‘Eminent Hipsters’ Review

Originally published on Dec. 20, 2013

By Alan Light
The New York Times

Eminent Hipsters
By Donald Fagen
Viking, $26.95.

Eminent Hipsters isn’t a memoir, but rather two projects stuck together: a series of essays Fagen (best known as half of Steely Dan, a band rarely mentioned in the book) calls “a kind of art-o-biography — that is, how the stuff I read and heard when I was growing up affected (stretched, skewed, mangled) my little brain,” and a tour diary from a 2012 jaunt with the Dukes of September, in which he starred alongside Michael McDonald and Boz Scaggs.

Fagen’s look back at the heroes of his early years — the musicians, D.J.s and science fiction writers who give the book its title — is a smart, spiky depiction of the “nail-biting paranoia” of ’50s suburbia, and the power that underground visionaries like the singing Boswell Sisters or the radio hosts Uncle Mort and Jean Shepherd held for “a first-tier nerd” who felt he had been “framed and sentenced to a long stretch at hard labor in ‘Squaresville.'”

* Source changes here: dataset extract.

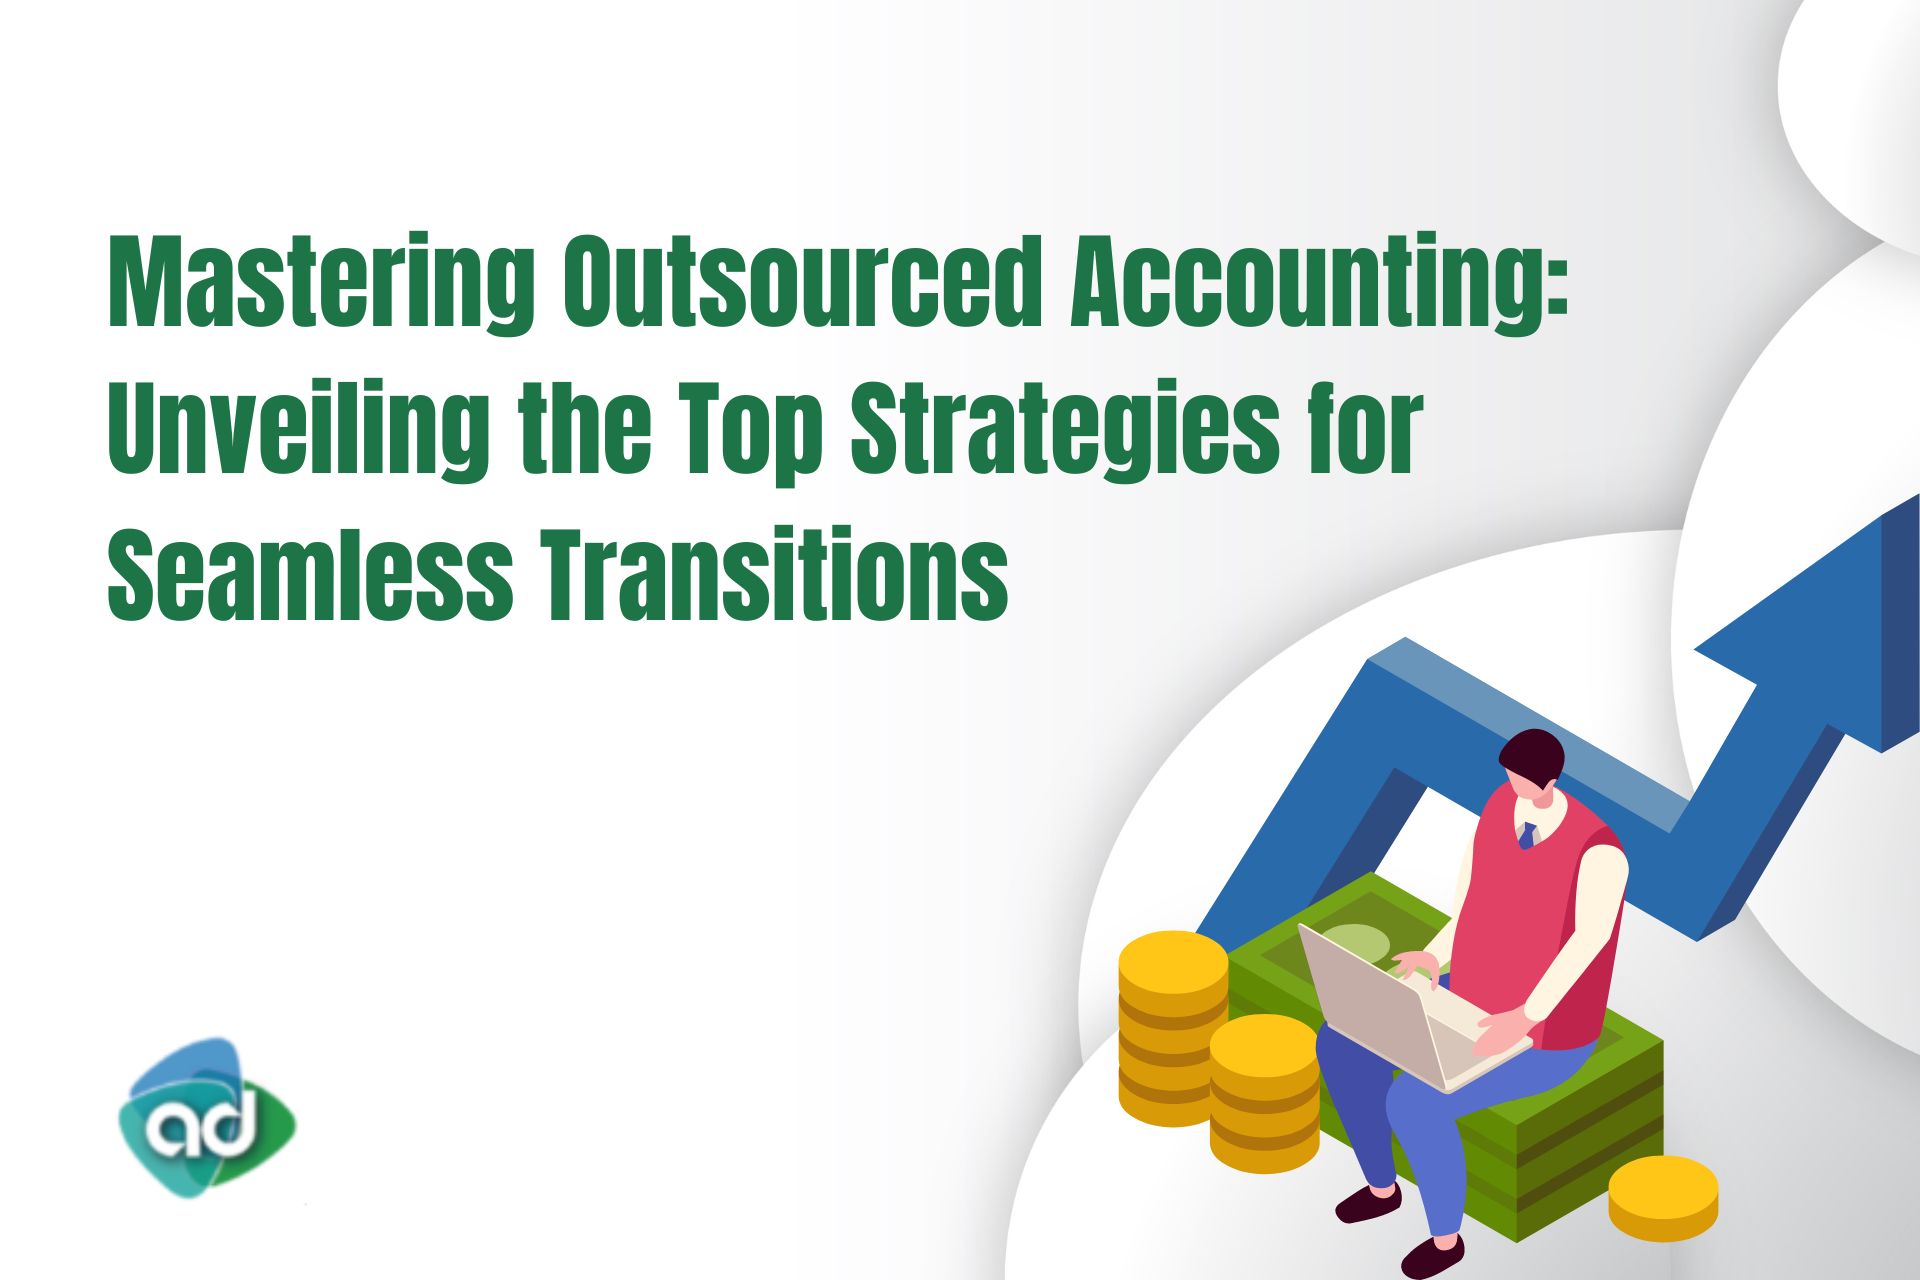 Mastering Outsourced Accounting: Unveiling the Top Strategies for Seamless Transitions

The Dukes diary, though, comes off bitter and mean. It’s no surprise Fagen can get off a good one-liner — “Asking me to play golf would be like asking me to drive over to the town dump and separate all the wrongly placed bottles and cans from the regular garbage” — but his nonstop kvetching about subpar hotels and venues and his dismissal of some fans as “moldering, bloodless vampires” quickly turn this 70-page section into an ugly slog.